Reused key vulnerability in One-time pad for CTF

Yesterday, I participated in a beginners CTF competition organized by the MonSec. One challenge was to find the flag given two ciphertexts which are said to be encrypted using OTP. However, texts are said to be encrypted using the same key. I couldn’t solve it during the given time. So decided to spend Sunday on this.

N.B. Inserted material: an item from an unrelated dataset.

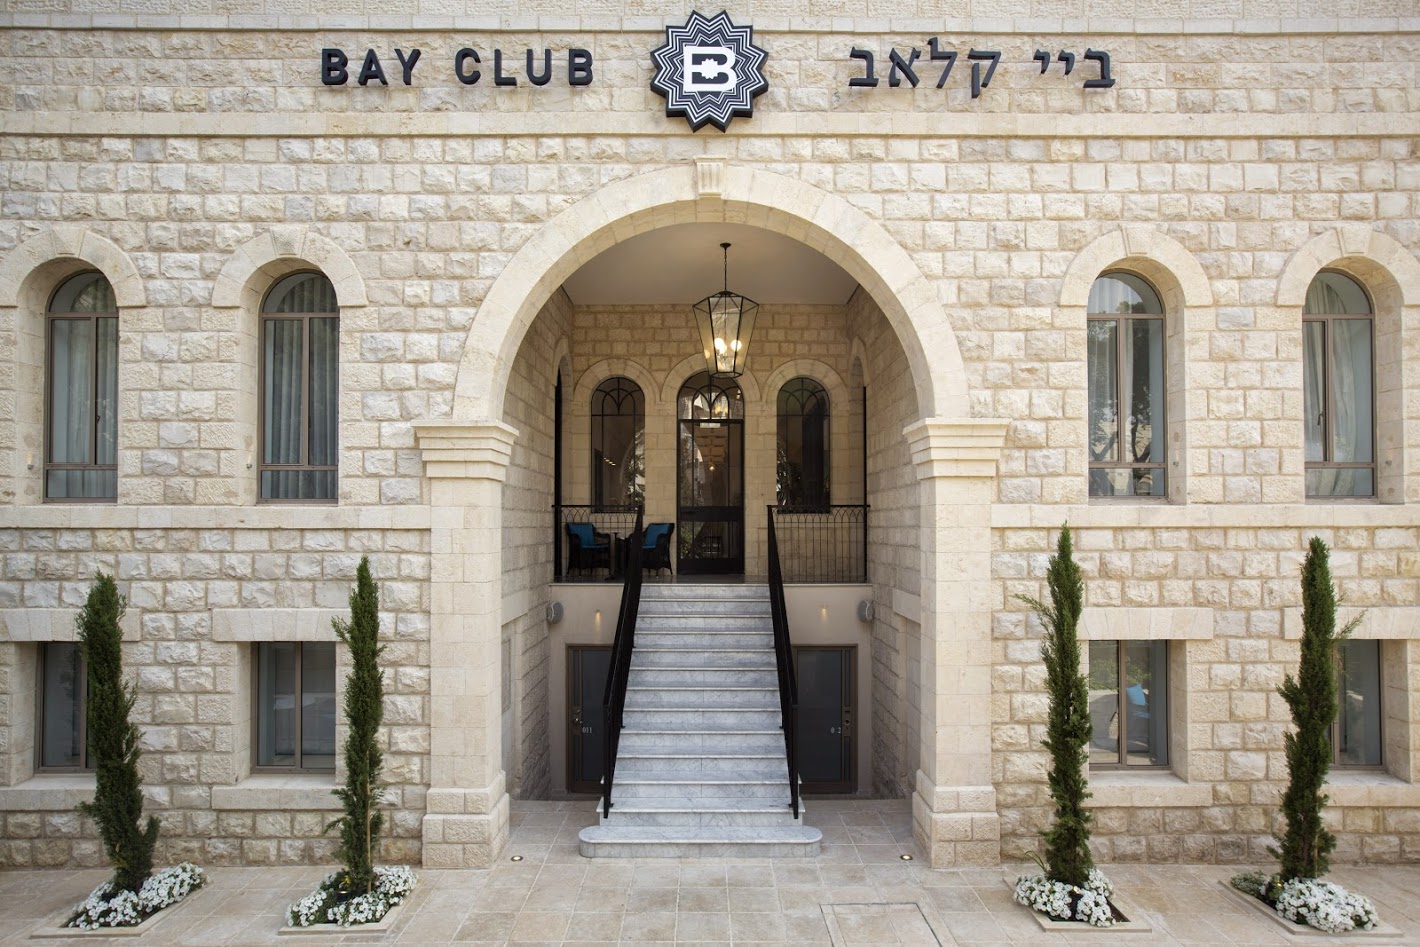 BAY CLUB HOTEL, HAIFA

I had to read on how OTP get vulnerable if the key is reused. Found an excellent description of that under 1st answer in https://crypto.stackexchange.com/questions/59/taking-advantage-of-one-time-pad-key-reuse It really explains things very clearly. (I used the same images used by the original author.)

Then, I had to figure out how to use that idea to solve the issue. 3rd answer in the same link was so handy in that. So I started with a simple python script. The initial guess was that the key should contain either ‘MONSEC‘ or ‘FLAG‘

c1 = "02036109340314070d131510141c06077a0b646d7f671a0b0d151403120463050b761b3241282f41312d20282f35243935412e2f412c38412524322a352e2d"
c2 = "0b0d0a025b0775001b08166211017f1e711c1d0409711c1d7f1875011777641d64630a24323241233435412420323841352e4133242c242c2324334040405c"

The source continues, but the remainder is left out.